بِسْمِ اللّٰهِ الرَّحْمٰنِ الرَّح۪يمِ
ٱلْقَارِعَةُ ﴿١﴾
Gürültü koparacak olan,
مَا ٱلْقَارِعَةُ ﴿٢﴾
Nedir o gürültü koparacak olan,
وَمَآ أَدْرَىٰكَ مَا ٱلْقَارِعَةُ ﴿٣﴾
O gürültü koparacak olanın ne olduğunu sen nereden bileceksin?
يَوْمَ يَكُونُ ٱلنَّاسُ كَٱلْفَرَاشِ ٱلْمَبْثُوثِ ﴿٤﴾
O gün insanlar yayılmış pervane gibi olurlar.

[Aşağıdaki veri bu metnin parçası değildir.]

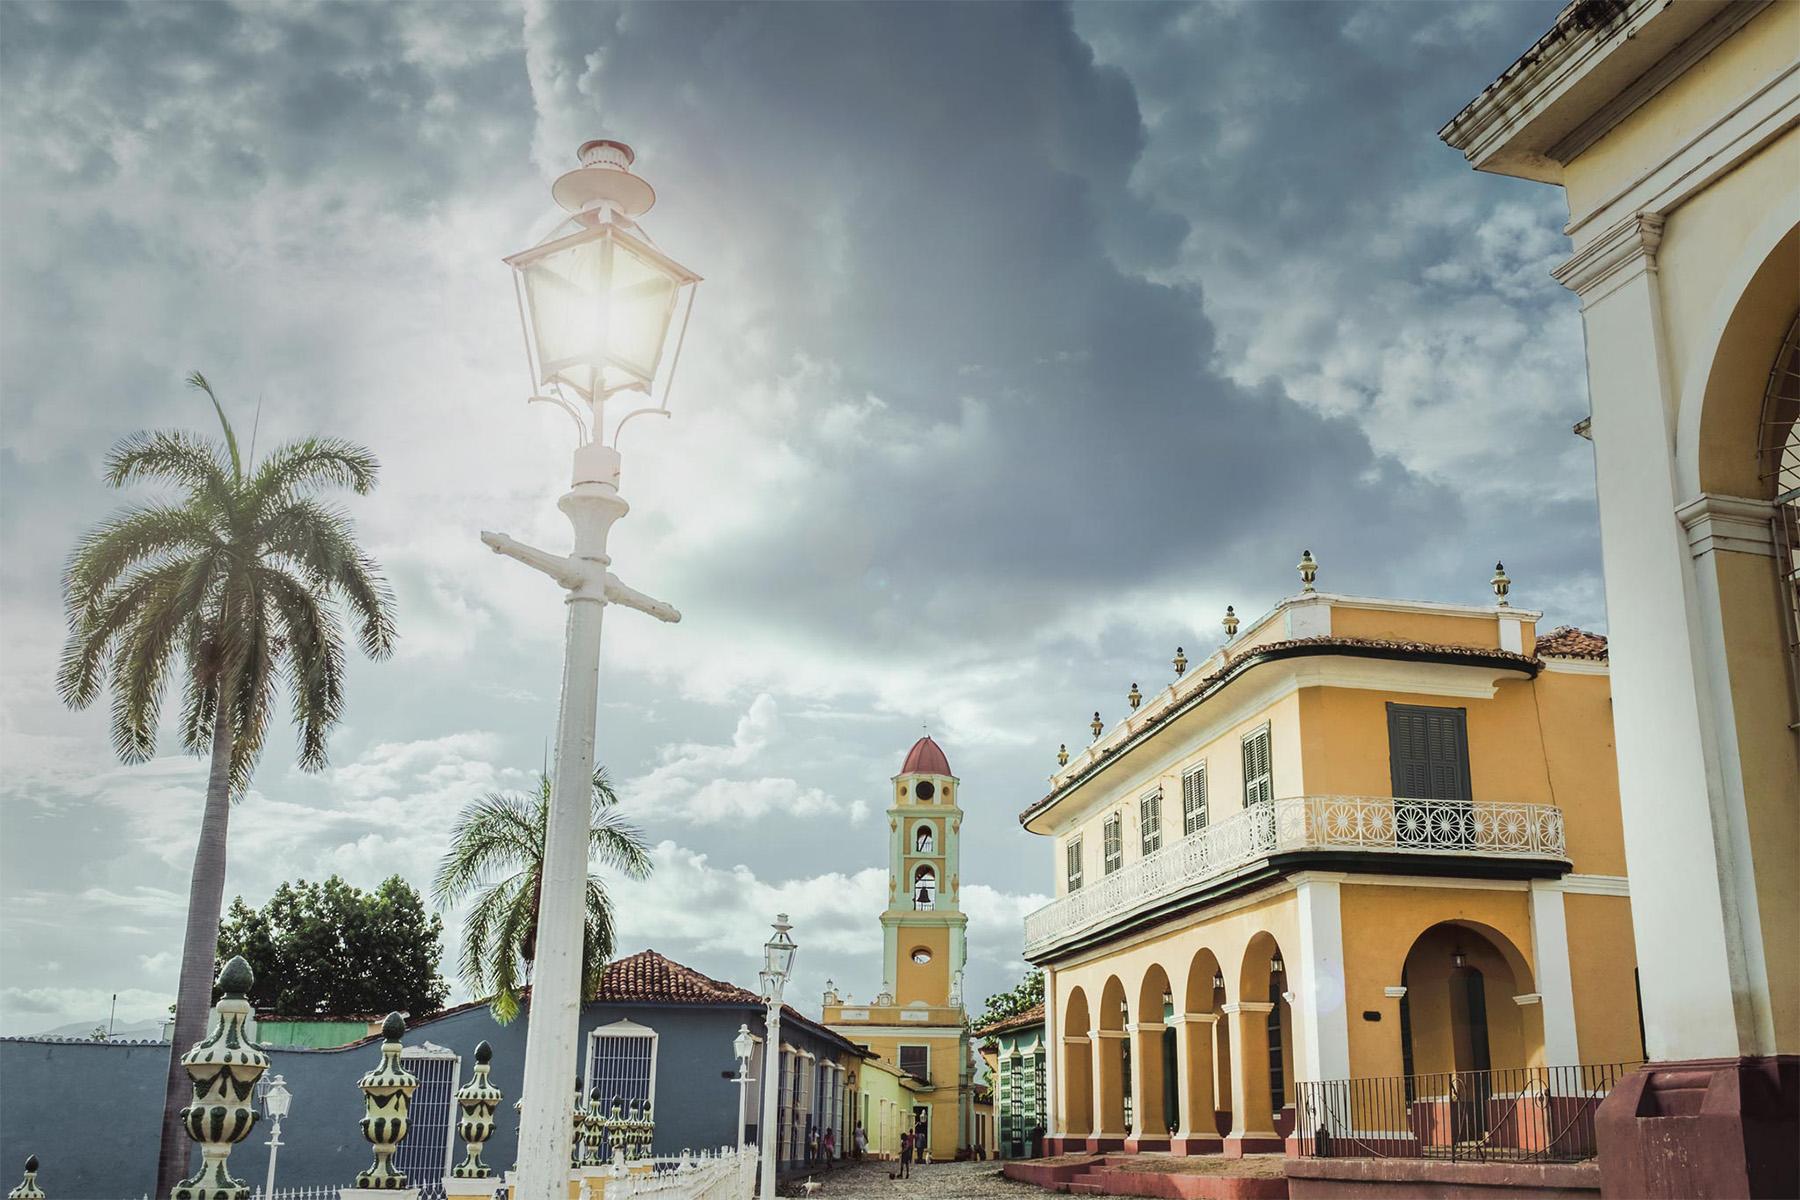 Alejandro_Perez_Travels_Cuba-Central_Trinidad_Plaza.jpg

وَتَكُونُ ٱلْجِبَالُ كَٱلْعِهْنِ ٱلْمَنفُوشِ ﴿٥﴾
Dağlar atılmış renkli yün gibi olurlar.
فَأَمَّا مَن ثَقُلَتْ مَوَٰزِينُهُۥ ﴿٦﴾
Kimin tartıları ağır gelirse,
فَهُوَ فِى عِيشَةٍ رَّاضِيَةٍ ﴿٧﴾
O hoş bir hayat içinde olur,
وَأَمَّا مَنْ خَفَّتْ مَوَٰزِينُهُۥ ﴿٨﴾
Kimin tartıları hafif gelirse,
فَأُمُّهُۥ هَاوِيَةٌ ﴿٩﴾
Onların yeri, (haviye) çukurdur,
وَمَآ أَدْرَىٰكَ مَا هِيَهْ ﴿١٠﴾
Onun ne olduğunu sen nereden bileceksin?
نَارٌ حَامِيَةٌۢ ﴿١١﴾
O kızgın bir ateştir.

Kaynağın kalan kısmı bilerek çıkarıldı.